Except for a few of the results from track-structure simulations, which appear to be outliers, estimates of RBEDSB from MCDS and track-structure simulations are in excellent agreement for values of (Zeff/β)2 up to ∼ 500 for normoxic conditions (Figure 2, left). This implies good agreement in the RBEDSB estimates for protons with an LET ≤ 27 keV/μm (≥ 1 MeV kinetic energy), 39.4 keV/μm (≥ 15 MeV kinetic energy) for 4He2+ ions, and ∼ 60 keV/μm (≥ 400 MeV) for 12C6+ ions. For intermediate values of (Zeff/β)2 (∼ 500 to ≤ 1000), the MCDS estimates of the RBEDSB are slightly larger than the values from track-structure simulations. In general, estimates of RBEDSB from the MCDS increase in monotonic fashion with increasing (Zeff/β)2 and approach an asymptotic RBE of ∼ 3.4 for values of (Zeff/β)2 > 10 000. Track-structure simulations predict the same general trends in RBEDSB with increasing (Zeff/β)2, but approach values ∼ 2 to 2.5, that is, a factor of 1.4 to 1.7 less than the asymptotic value predicted by the MCDS. Under fully anoxic conditions (Figure 2, right), the overall trend in RBEDSB is about the same as for normoxic conditions (pO2 > 5%-7%). However, RBEDSB approaches an asymptotic value of ∼ 9.9 for large (Zeff/β)2, which corresponds to an oxygen enhancement ratio for very high LET radiations of ∼ 2.91, that is, Asymptotic RBEDSB(anoxic) = Asymptotic RBEDSB(normoxic) × Oxygen enhancement ratio (OER).

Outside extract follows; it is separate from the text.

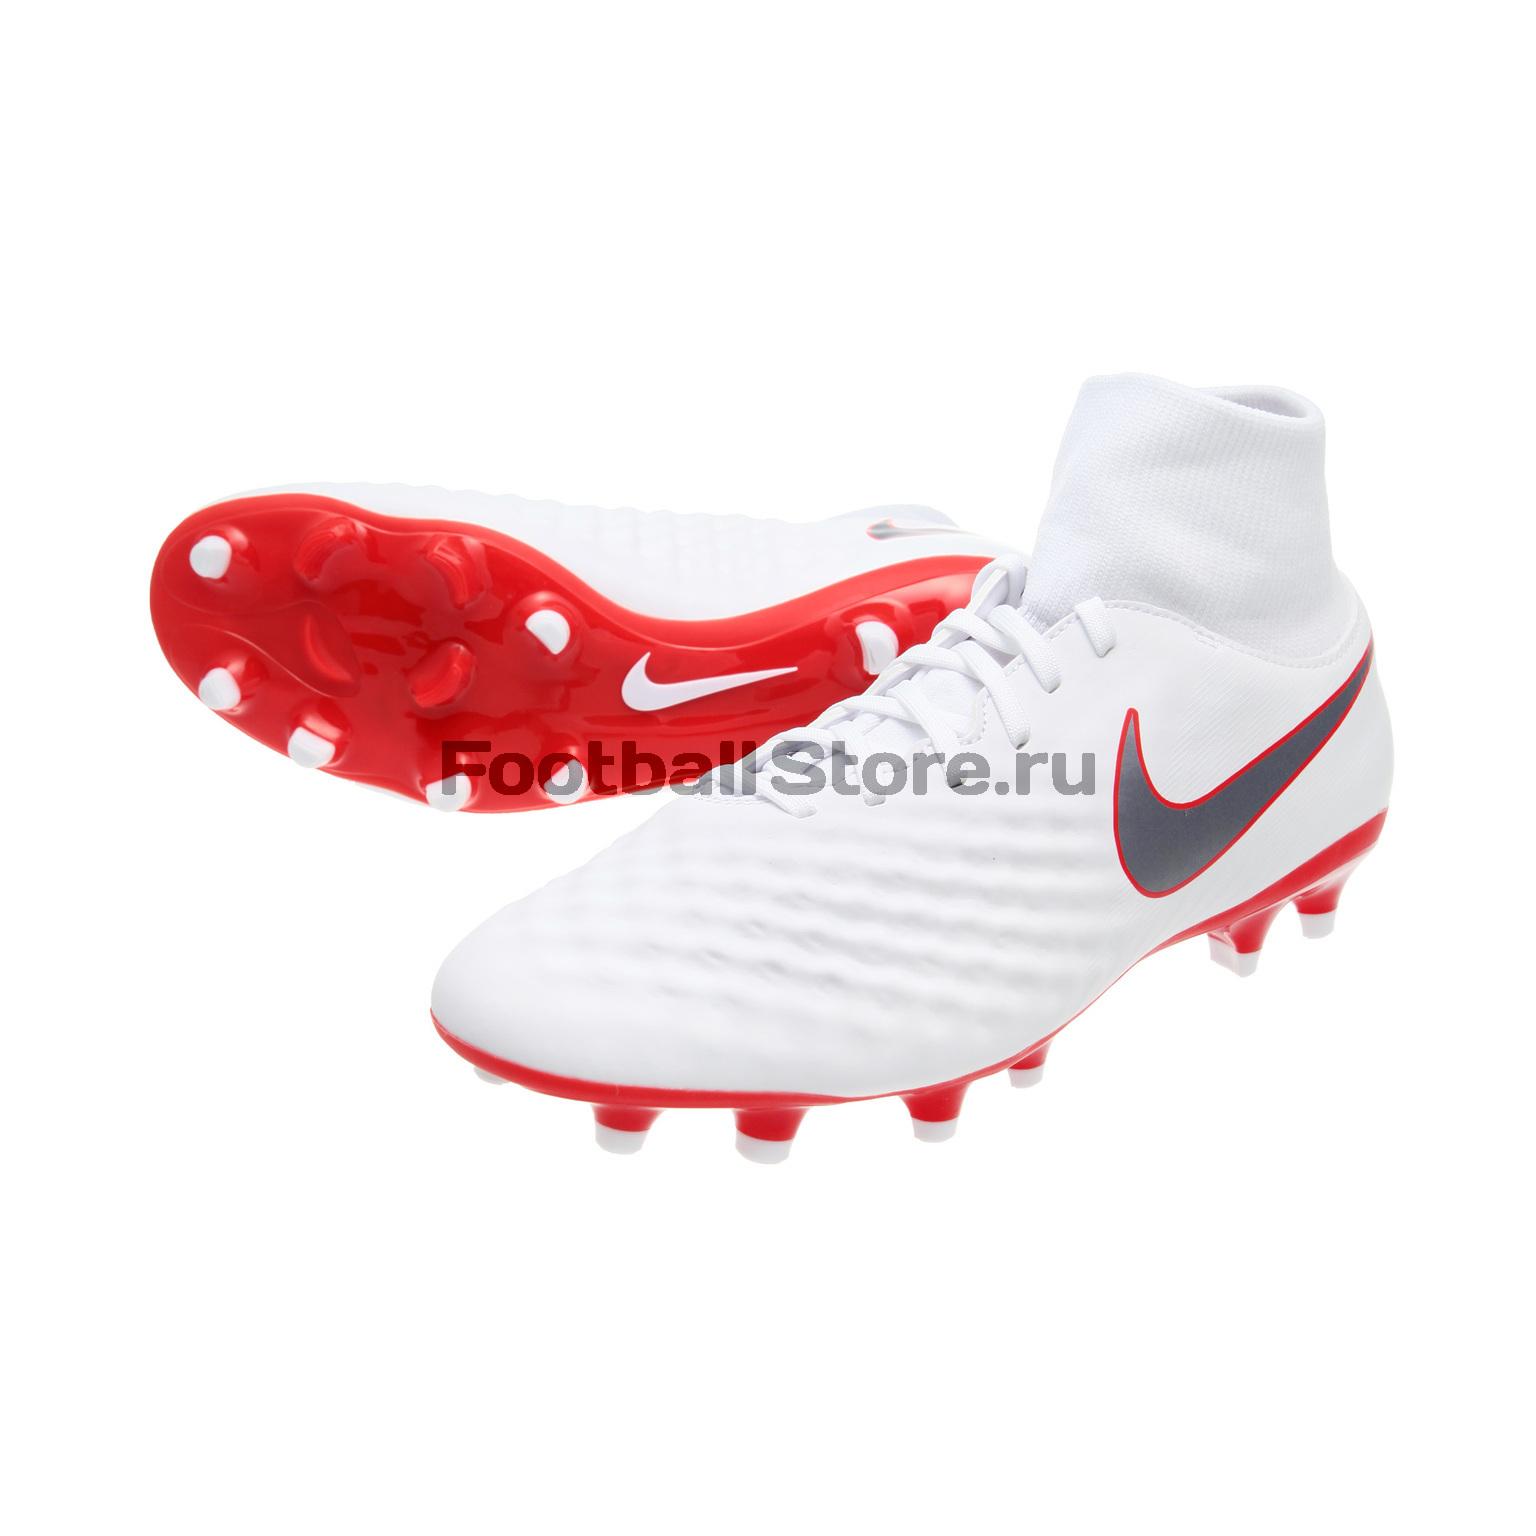 Бутсы Nike Obra 2 Academy DF FG AH7303-107 бутсы nike jr obra 2 club fg ah7314 107

Figure 3 shows RBEDSB as a function of the continuous slowing-down approximation (CSDA) range of 1H+, 4He2+, and 12C6+ ions in water. Small values in the CSDA range correspond to scenarios in which a high-energy (low-LET) ions, such as a clinically relevant 200 MeV proton beam incident on a patient, has lost most of its kinetic energy and is nearing the so-called track end. For 1H+ and 4He2+ ions, estimates of RBEDSB from the MCDS are in excellent agreement with track-structure simulations [5] when the particle range is large compared with the dimensions of a typical human cell (∼ 10 μm). For 12C6+ ions, estimates of RBEDSB from the MCDS are in good agreement with the track-structure simulations [5] for ions with a range of about > 5 mm, which corresponds to a 12C6+ ion capable of passing through a few 100 cells. For shorter range 12C6+ ions, estimates of RBEDSB from the MCDS are ≤ 30% larger than the value for the track-structure simulations [5].

Figure 3

Relative numbers of double-stranded breaks (DSBs) created by 1H+, 4He2+, and 12C6+ ions as a function of the continuous slowing-down approximation (CSDA) range of 1H+, 4He2+, and 12C6+ ions in water. Filled symbols are from track-structure simulations [5]. Small values for the CSDA range correspond to high linear energy transfer (LET) track ends.

Figure 3

Relative numbers of double-stranded breaks (DSBs) created by 1H+, 4He2+, and 12C6+ ions as a function of the continuous slowing-down approximation (CSDA) range of 1H+, 4He2+, and 12C6+ ions in water. Filled symbols are from track-structure simulations [5]. Small values for the CSDA range correspond to high linear energy transfer (LET) track ends.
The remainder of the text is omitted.